→ Task to carry out:
A faithful copy is required. Print each line of the data exactly and omit the pictures.

→ Provided data:
- - - - - - -

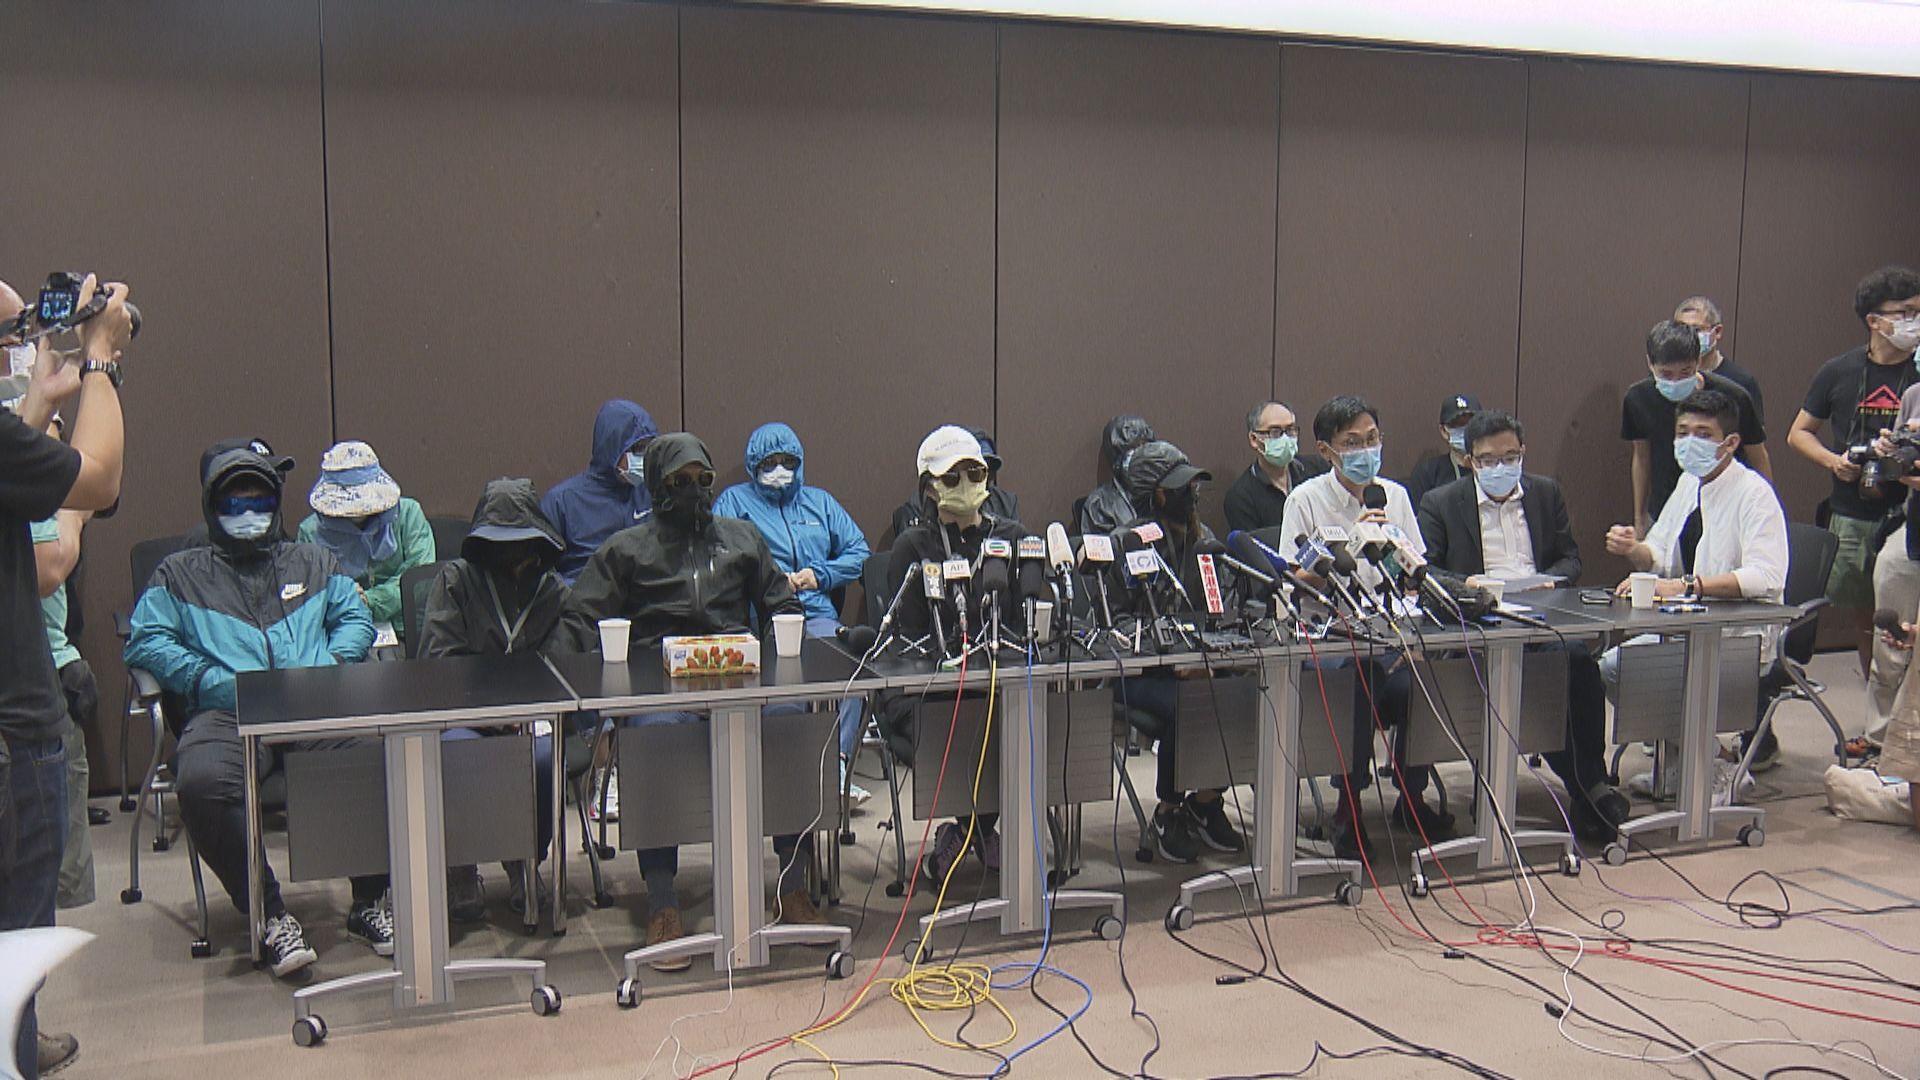 12港人家屬對正式逮捕感震驚和憂心 促停止秘密羈押
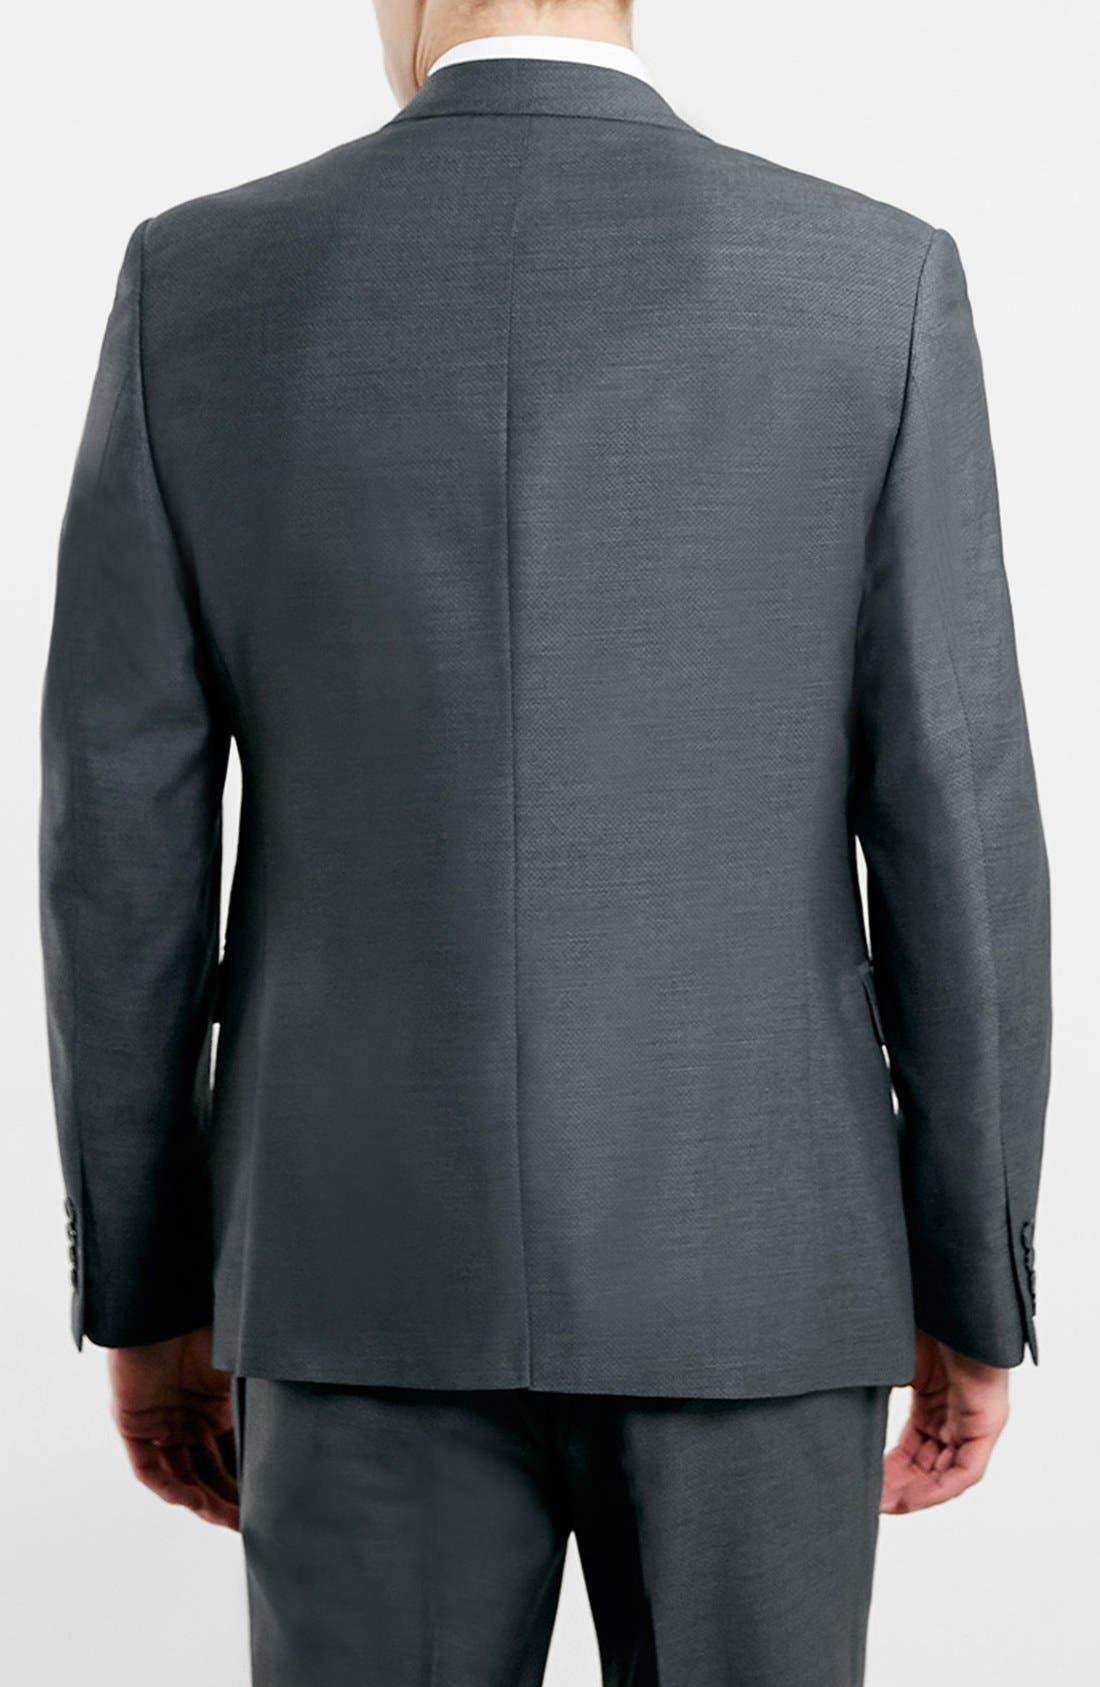 TOPMAN, Slim Fit Grey Diamond Texture Suit Jacket, Alternate thumbnail 2, color, 020
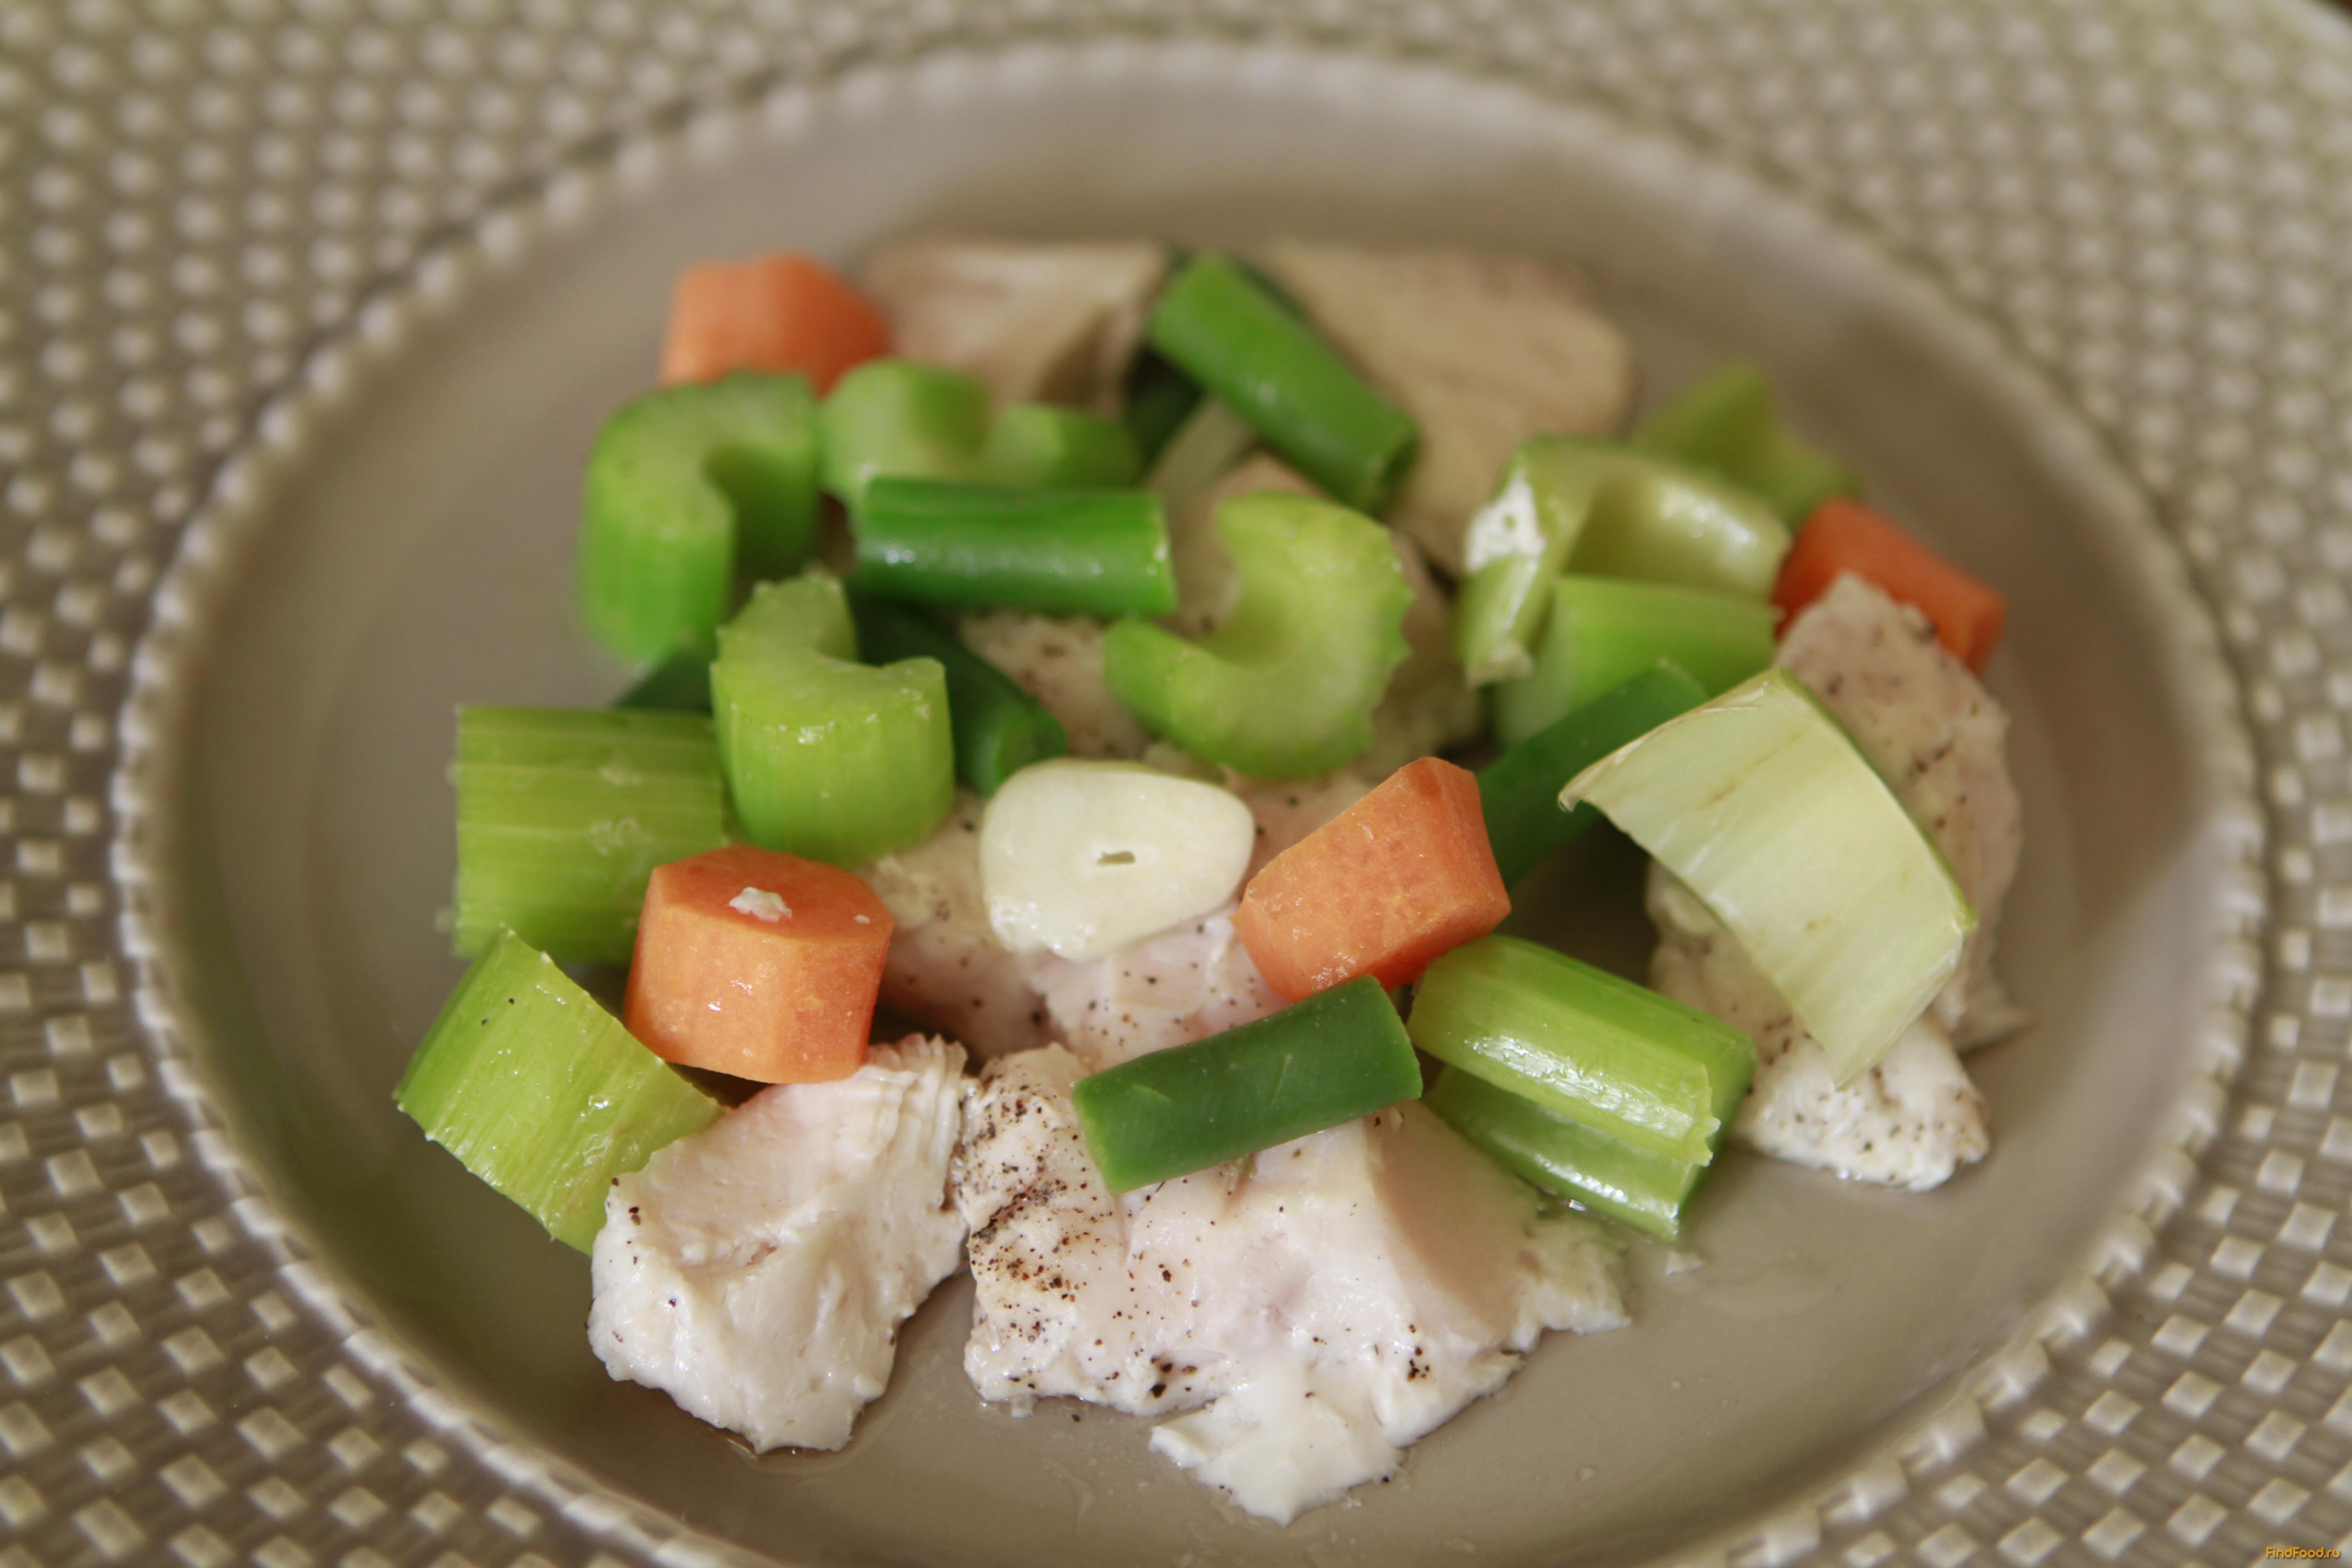 рецепт приготовления вкусного супа из сельдерея

- - - - - - -

→ Output of the task:
 12港人家屬對正式逮捕感震驚和憂心 促停止秘密羈押
 TOPMAN, Slim Fit Grey Diamond Texture Suit Jacket, Alternate thumbnail 2, color, 020
 рецепт приготовления вкусного супа из сельдерея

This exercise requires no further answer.